### Description of the task
The entire listing that follows must be repeated exactly, pictures excluded.

### Exercise data
● ● ●
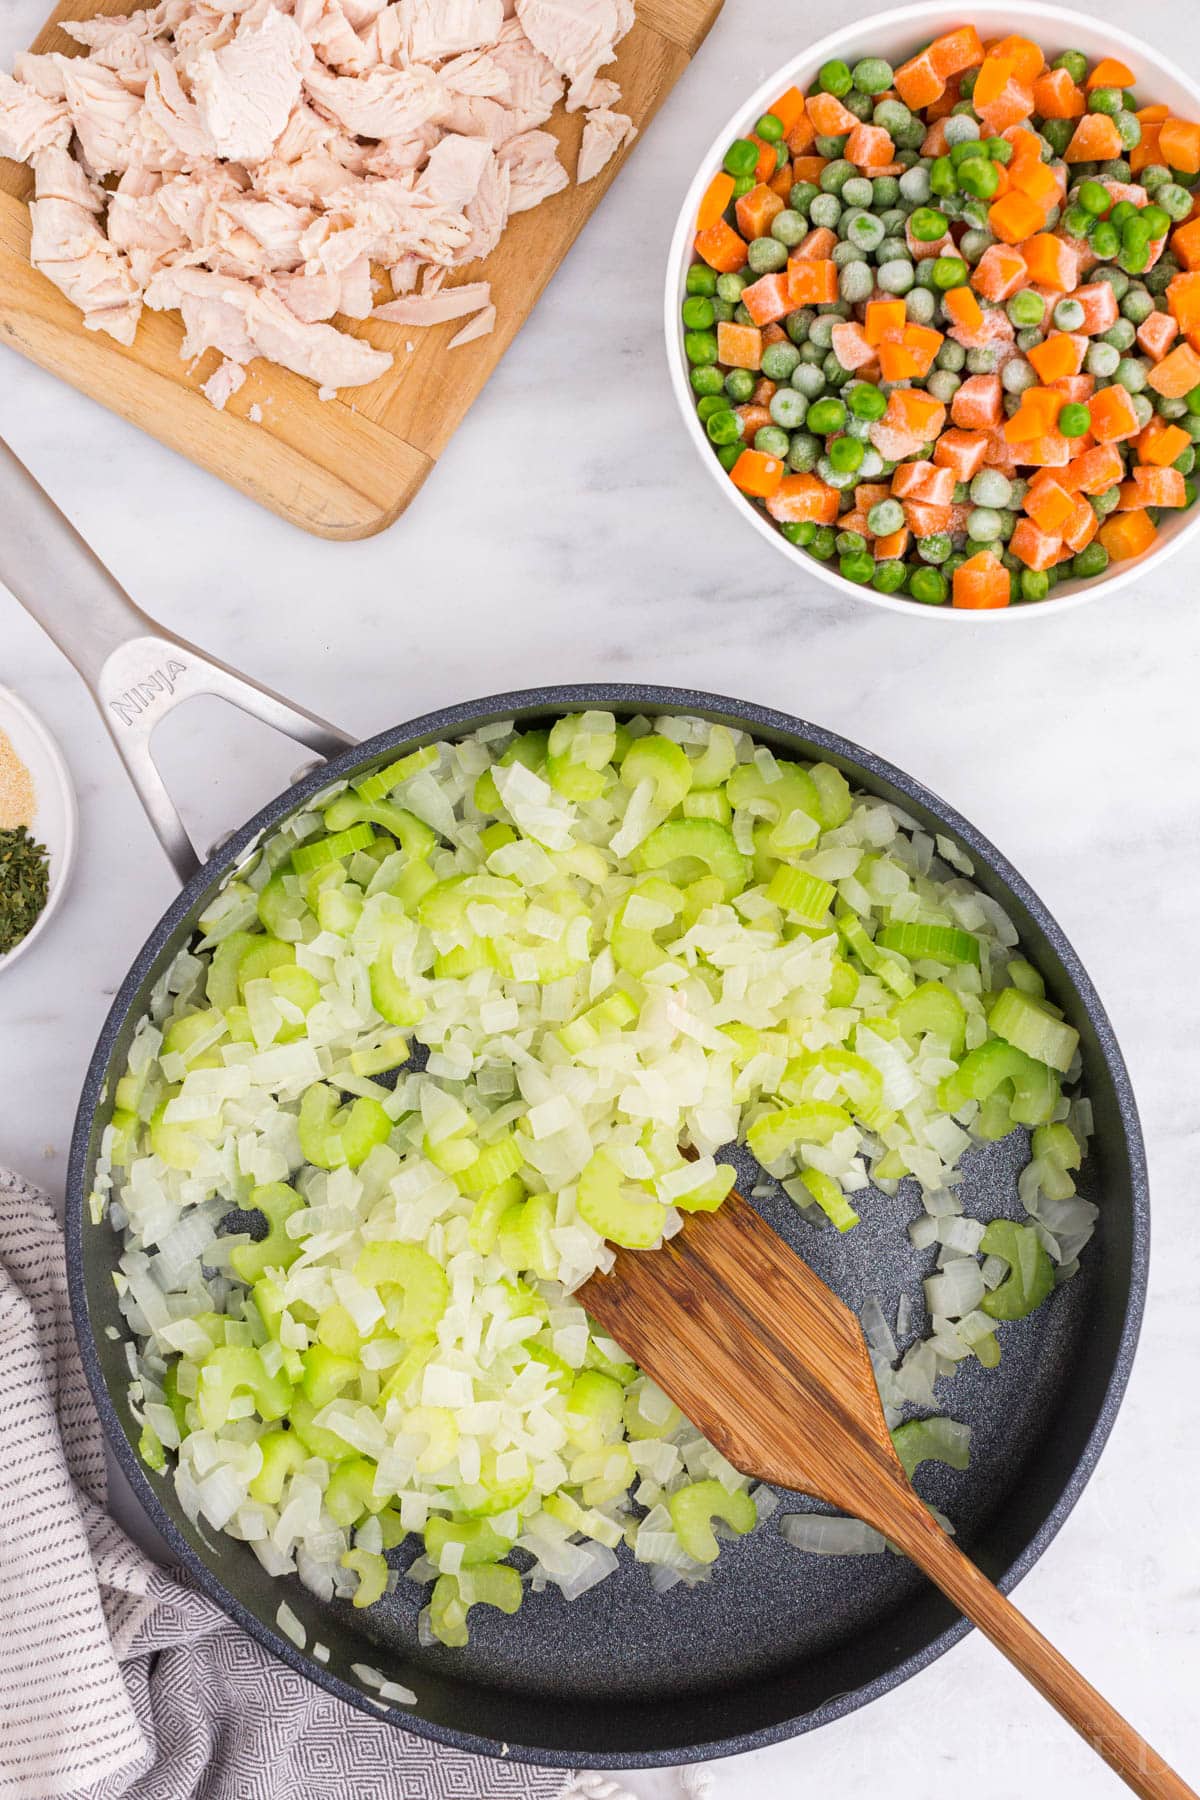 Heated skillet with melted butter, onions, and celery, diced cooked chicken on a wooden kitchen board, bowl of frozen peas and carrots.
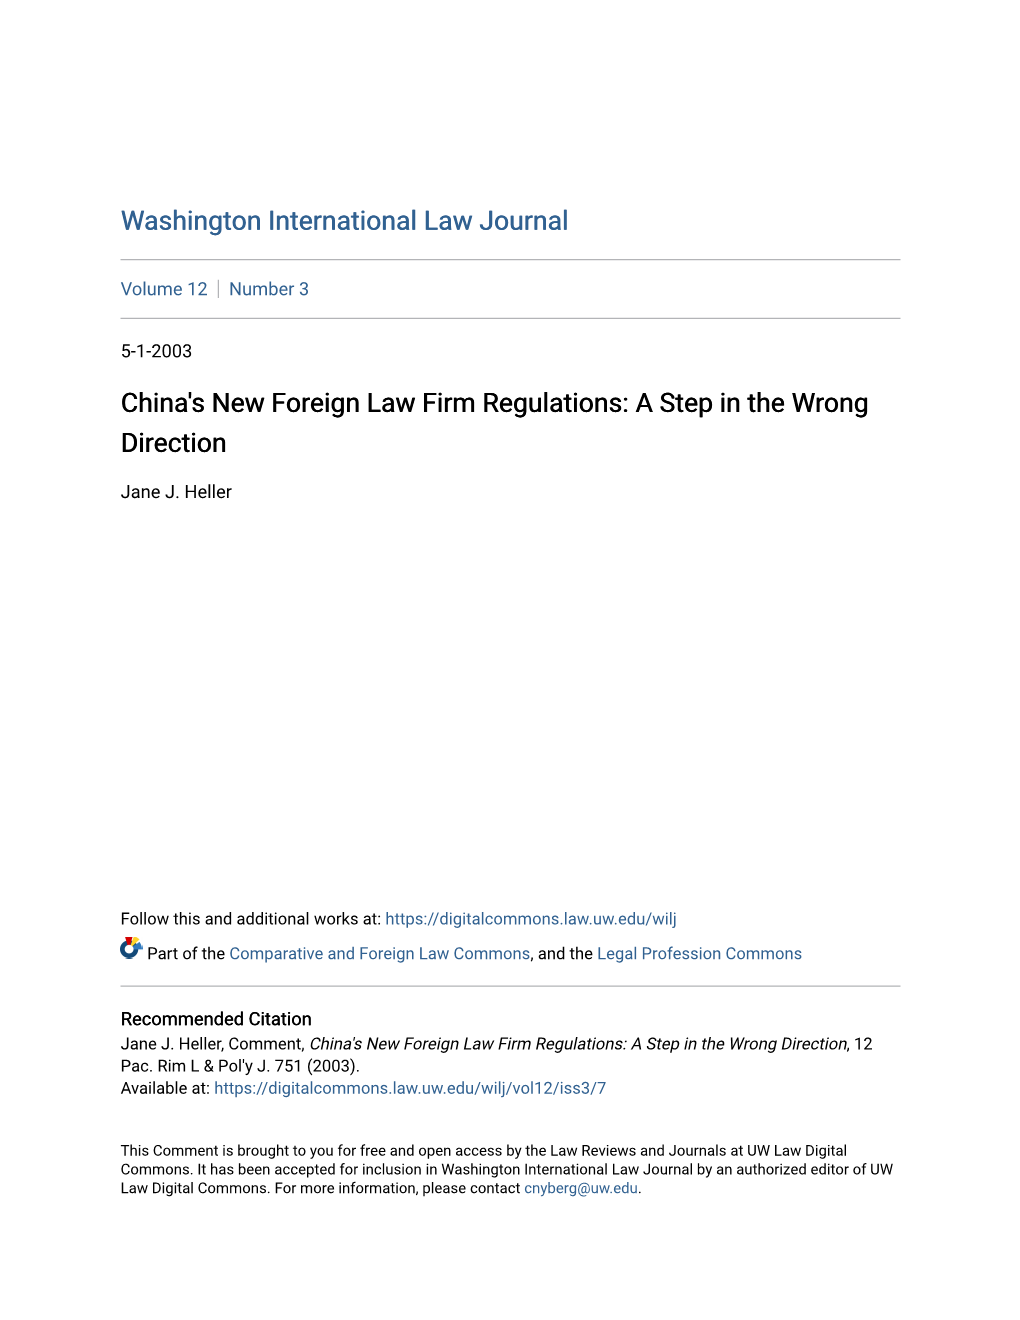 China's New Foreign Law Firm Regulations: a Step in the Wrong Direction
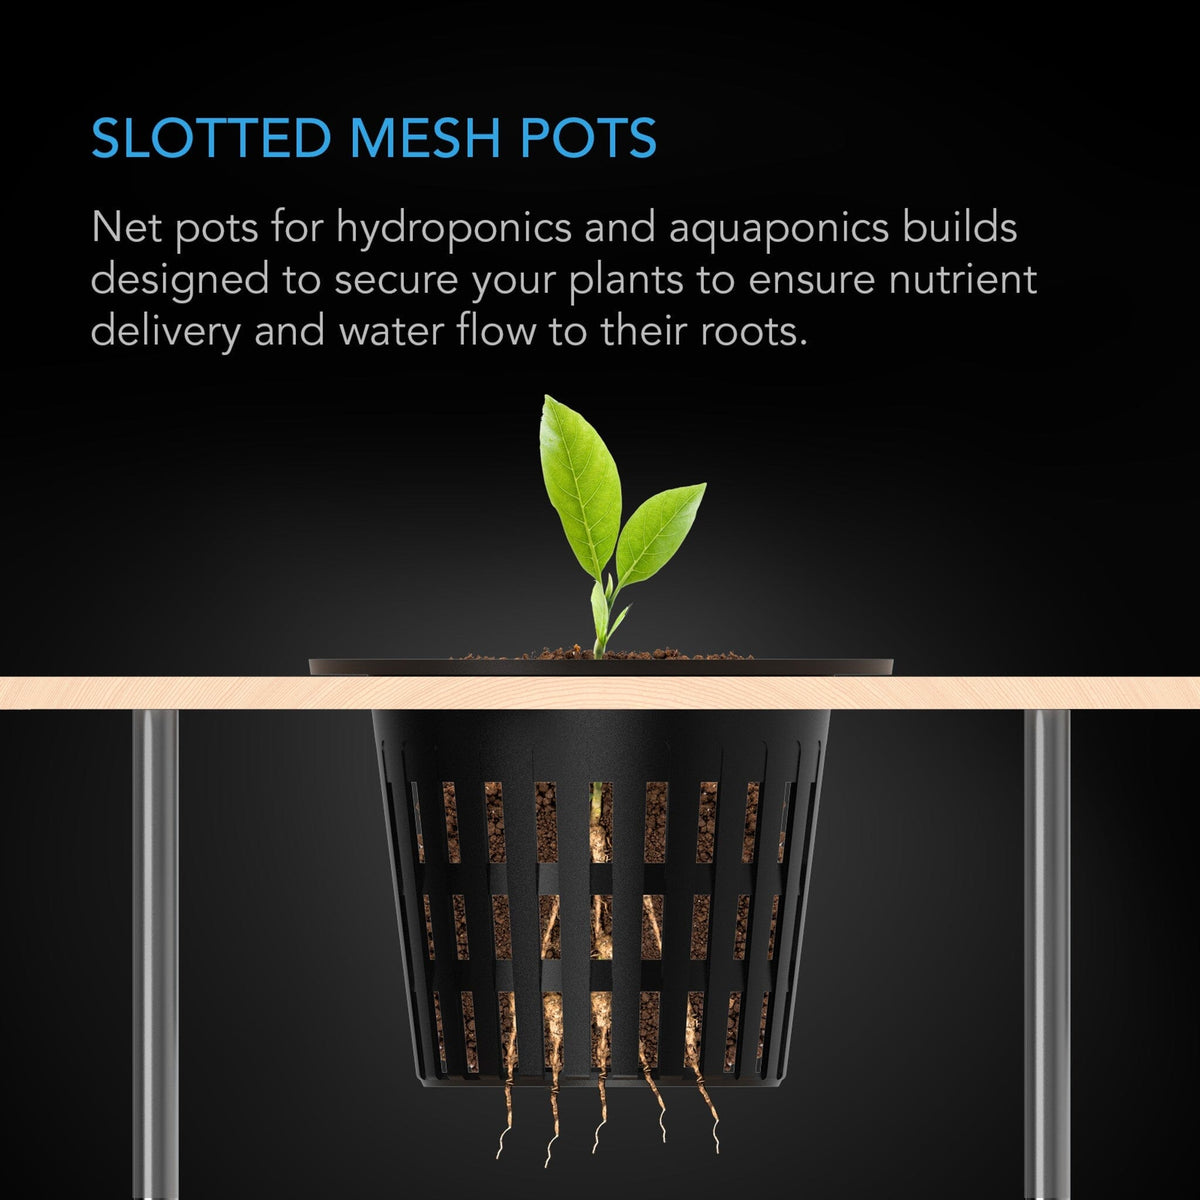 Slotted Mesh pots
● ● ●
### Completed task
 Heated skillet with melted butter, onions, and celery, diced cooked chicken on a wooden kitchen board, bowl of frozen peas and carrots.
 China's New Foreign Law Firm Regulations: a Step in the Wrong Direction
 Slotted Mesh pots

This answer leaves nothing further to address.